Rai Extra
- Logo used from 18 May to 26 November 2010
- Country: Italy
- Broadcast area: Italy

Programming
- Language: Italian
- Picture format: 576i 4:3/16:9 (SDTV)

Ownership
- Owner: Rai

History
- Launched: 31 July 2003
- Replaced: RaiSat Album RaiSat Show
- Closed: 26 November 2010
- Replaced by: Rai 5
- Former names: RaiSat Extra (2003-2010)

= Rai Extra =

Italian television channel

Rai Extra was an Italian television channel owned by RAI and broadcast on Digital terrestrial television in Italy.

Initially the channel was called RaiSat Extra. But on 18 May 2010, when Rai rebranded all its channels, the name RaiSat was extinguished, and the channel was renamed Rai Extra.

It broadcasts reruns of popular entertainment, infotainment and news programs produced or co-produced by the state-owned RAI television network.
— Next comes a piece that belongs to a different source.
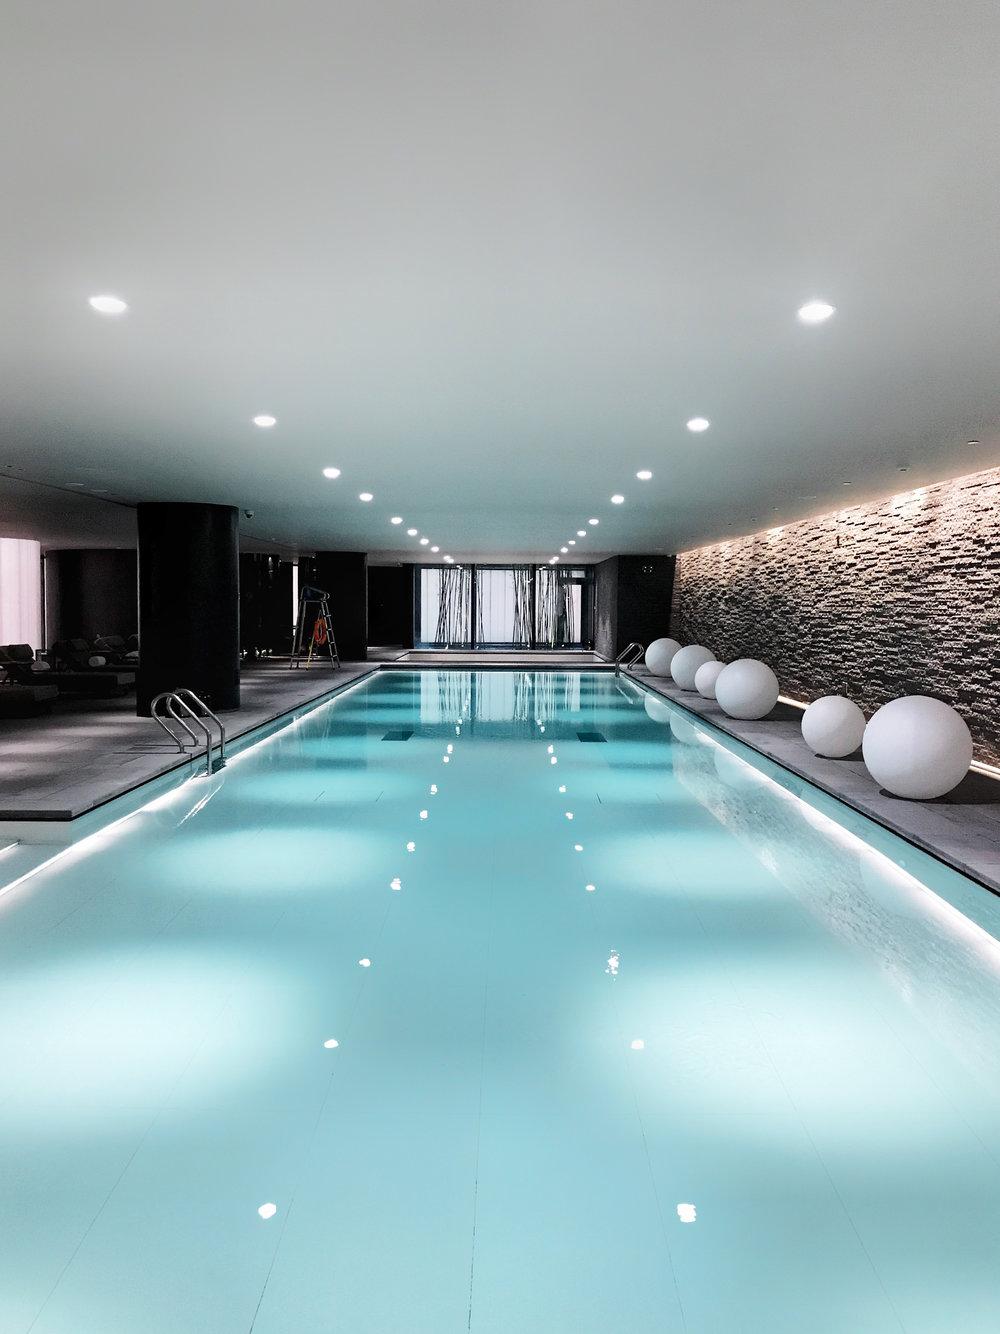 pool at MI XUN spa

Since 26 November 2010, the channel is replaced by Rai 5.

== Programming ==
- AnnoZero
- Ballarò
- Che tempo che fa
- In 1/2 h
- Porta a Porta
- 60 Minutes
- Late Show with David Letterman
- The Tonight Show with Jay Leno
- Piloti
- Parla con me
- Cielito lindo
- Libero
- Paolo Limiti Show
- Punto Donna
- Biberon
- 10 Hertz * SuperGulp!
- MenaBò
- Mixer
- Notte Rock
- Stasera pago io
- I raccomandati
- Telegiornale
- Buonasera con..
- Tante scuse
- 3, 2, 1...contatto!
- Controcanale * Controfagotto
- Canzonissima * Studio Uno
- Milleluci
- Fantastico
- Piccolo Slam
- Speciale per voi

==Logos==

Logo used until 18 May 2010
Logo used from 18 May 2010 – 26 November 2010

==Closure==
The broadcasts of Rai Extra ended after an episode of the sitcom Piloti on November 26, 2010, at 6:30 PM to make way for the new channel Rai 5. From that moment on, the logo of Rai Extra began to alternate with that of Rai 5 with a countdown at the bottom left that marked the start time of the transmissions of the new channel.

The contents of Rai Extra flowed partly into the RaiPlay web portal and partly onto the Rai Premium television station.